Show that $f(n) = n^{2} + 2n + 1$ is $O(n^{2})$.
Sorry if this is a duplicate question or anything but I'm terribly having a hard time understanding this big-oh notation. I've looked for methods on proving everywhere but I can't seem to understand this part where the $C$ that I'm looking for translated to another function:
$\frac{f(n)}{g(n)} = \frac{n^{2} + 2n + 1)}{n^{2}} < \frac{n^{2} + 2n^{2} + n^{2}}{n^{2}} = 4$
On
Choose $C = 3$ and $k = 2$. Then observe that if $n > k = 2$, then: \begin{align*} n^2 + 2n + 1 &< n^2 + 2n + 4 \\ &= n^2 + (2)n + (2)^2 \\ &< n^2 + (n)n + (n)^2 &\text{since $2 < n$} \\ &= 3n^2 \\ &= Cn^2 \\ \end{align*} as desired. $~~\blacksquare$
On
Note that: $f(n)=(n+1)^2$.
Let $n\geqslant 1$ then $\dfrac{1}{n}\leqslant 1$.
Hence: $$\begin{equation}\begin{split}1+\dfrac{1}{n}\leqslant 2&\Leftrightarrow \dfrac{n+1}{n}\leqslant 2\\&\Leftrightarrow n+1\leqslant 2\cdot n\\&\Rightarrow (n+1)^2\leqslant (2\cdot n)^2\\&\Leftrightarrow f(n)\leqslant 4\cdot n^2\end{split}\end{equation}$$.
Therefore, $$f(n)\in O(n^2).$$
Method without needing calculus:
Set $C=2$. Then $2g(n)-f(n)=n^{2}-2n-1$. This is a degree 2 polynomial with highest coefficicent positive, so there exist a $k$ such that $n^{2}-2n-1\geq 0$ for all $n>k$ which implies that $2g(n)\geq f(n)$ for all $n>k$.

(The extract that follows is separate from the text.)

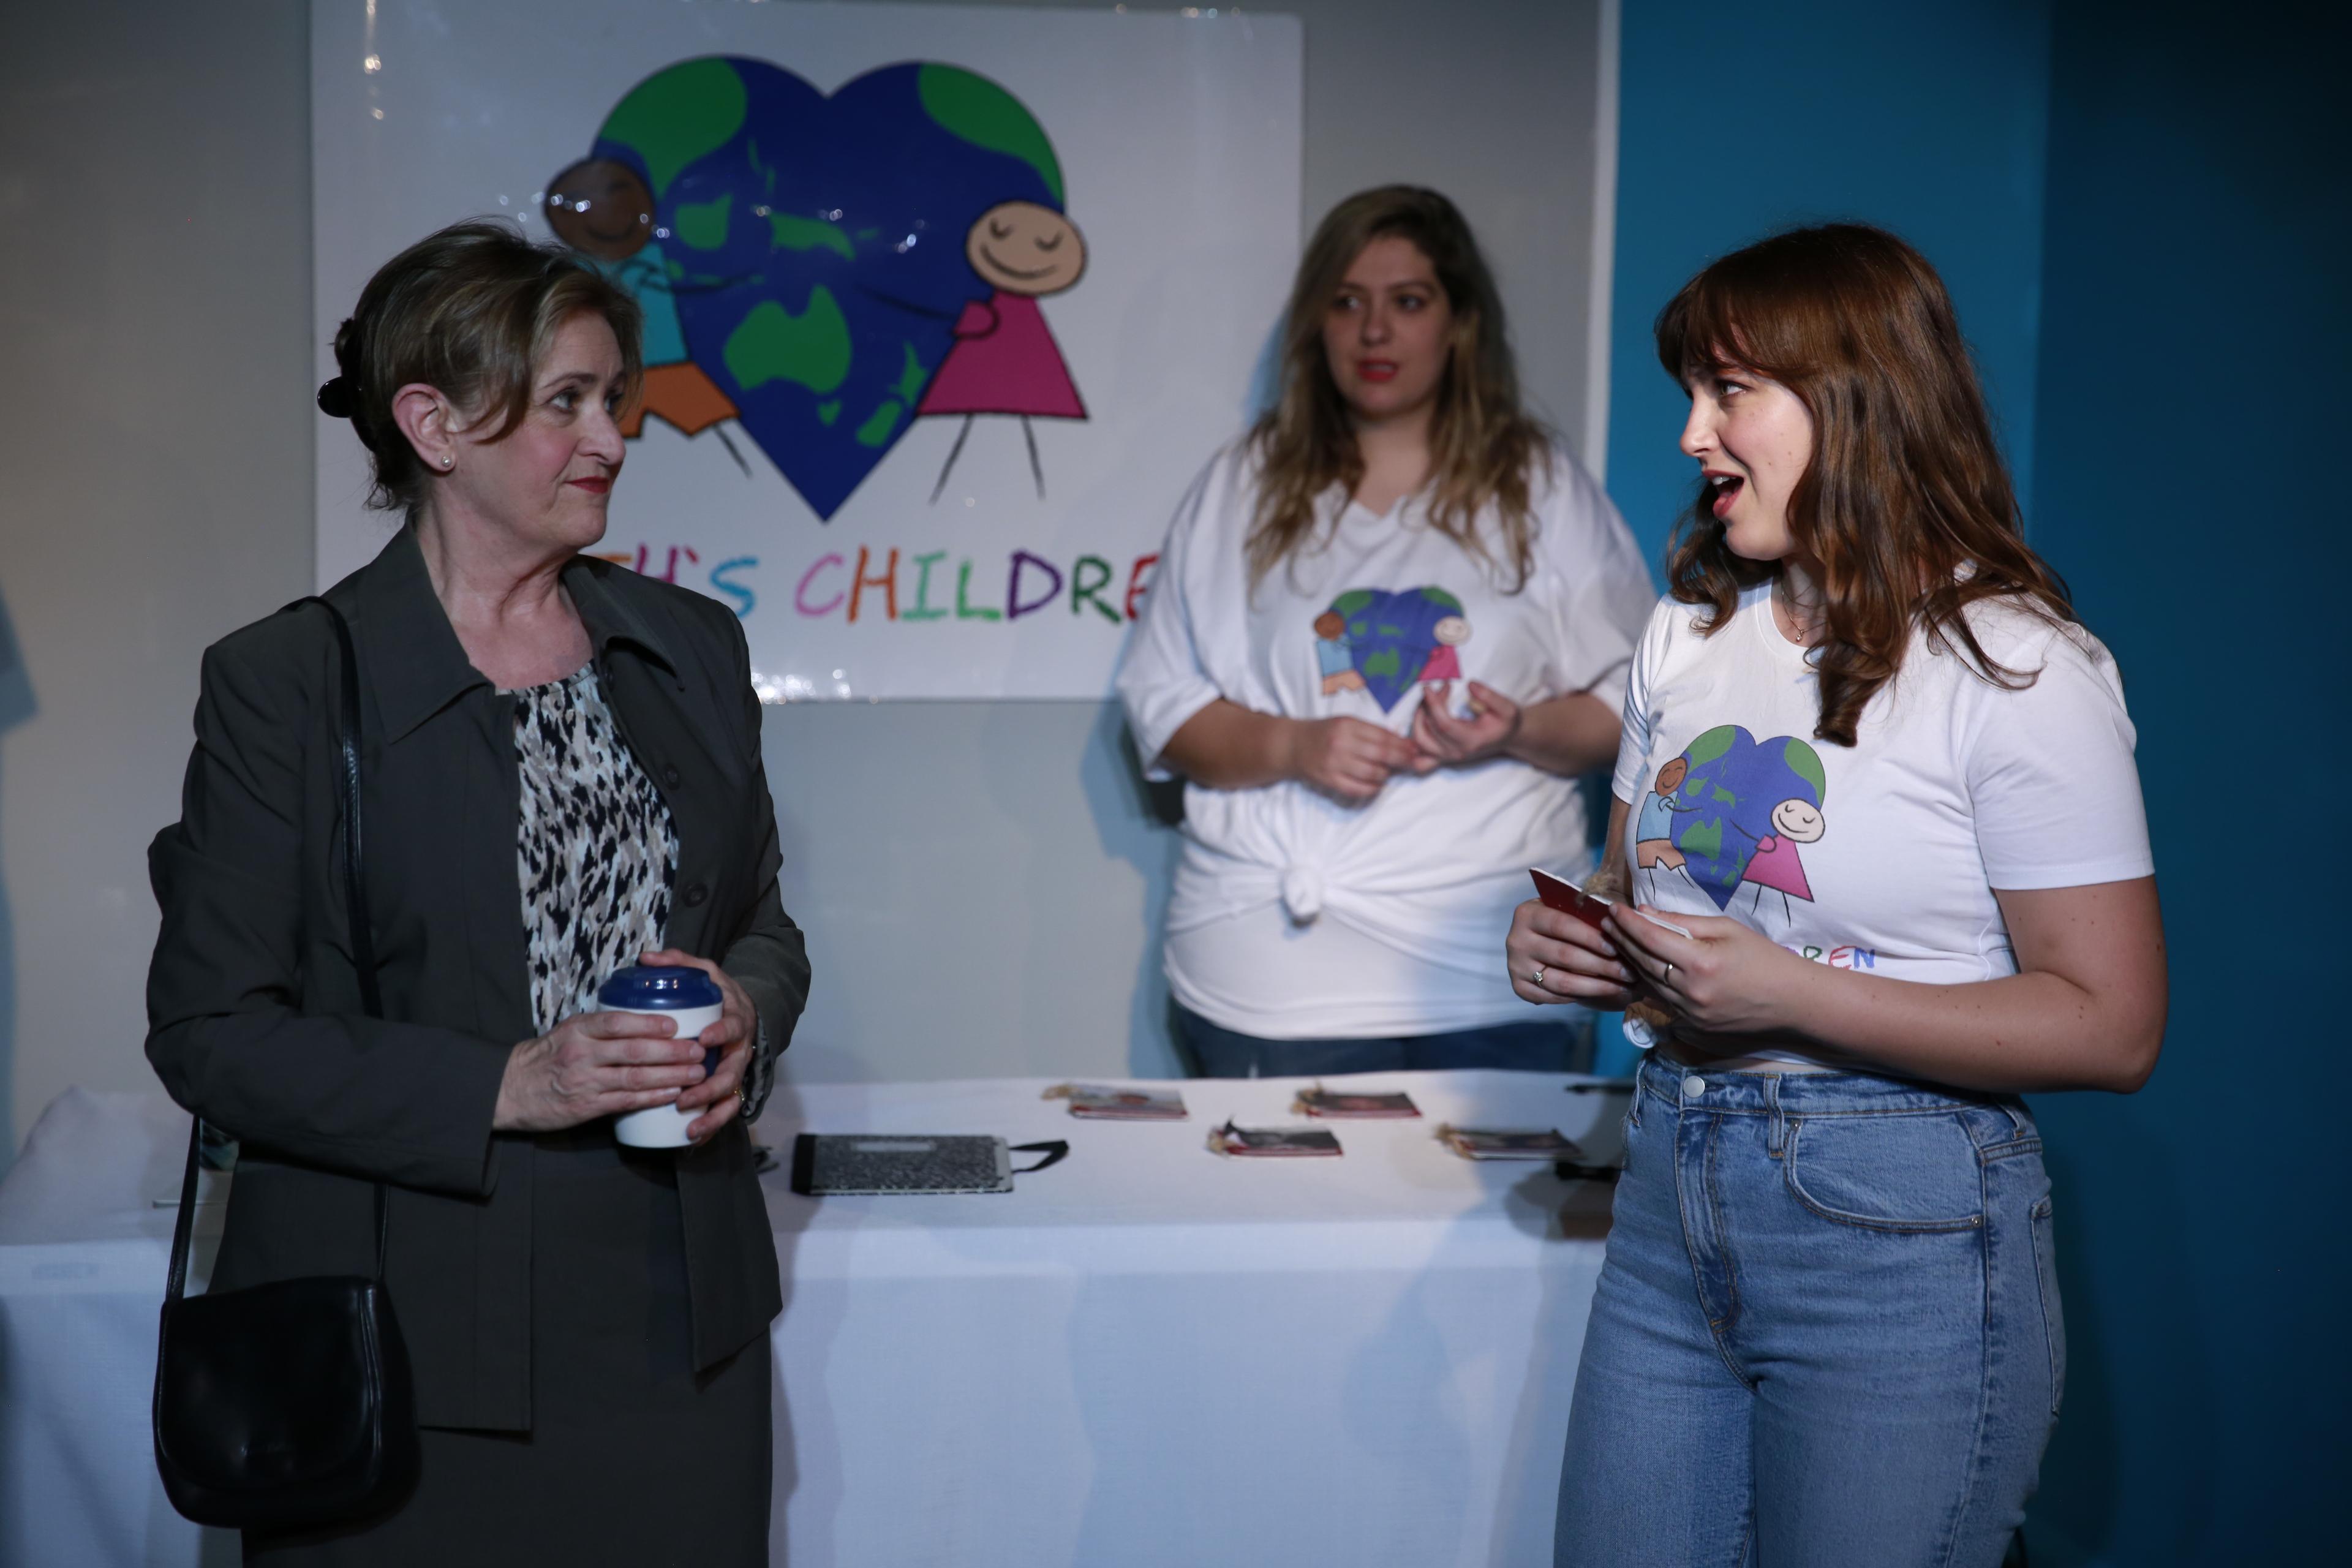 Susan Jordan, Barbara Papathanasopoulos & Skye Beker. Photo by Sam Lax

Note that you do not need to find $k$, just need to show that it exists. If you insist on a particular value of $k$, you can find the root of the degree 2 polynomials above. Then you can pick $k=\sqrt{2}+1$.
This method use calculus:
Apply L'Hospital twice (technical details omitted) to get $\lim\limits_{n\rightarrow\infty}\frac{f(n)}{g(n)}=\lim\limits_{n\rightarrow\infty}\frac{f^{\prime}(n)}{g^{\prime}(n)}=\lim\limits_{n\rightarrow\infty}\frac{f^{\prime\prime}(n)}{g^{\prime\prime}(n)}=\lim\limits_{n\rightarrow\infty}\frac{2}{2}=1$. Hence $\limsup\limits_{n\rightarrow\infty}\frac{f(n)}{g(n)}$ is finite, so $f(n)\in O(g(n))$.
Basically, $f(n)\in O(g(n))$ iff $\limsup\limits_{n\rightarrow\infty}\frac{|f(n)|}{|g(n)|}$ is finite.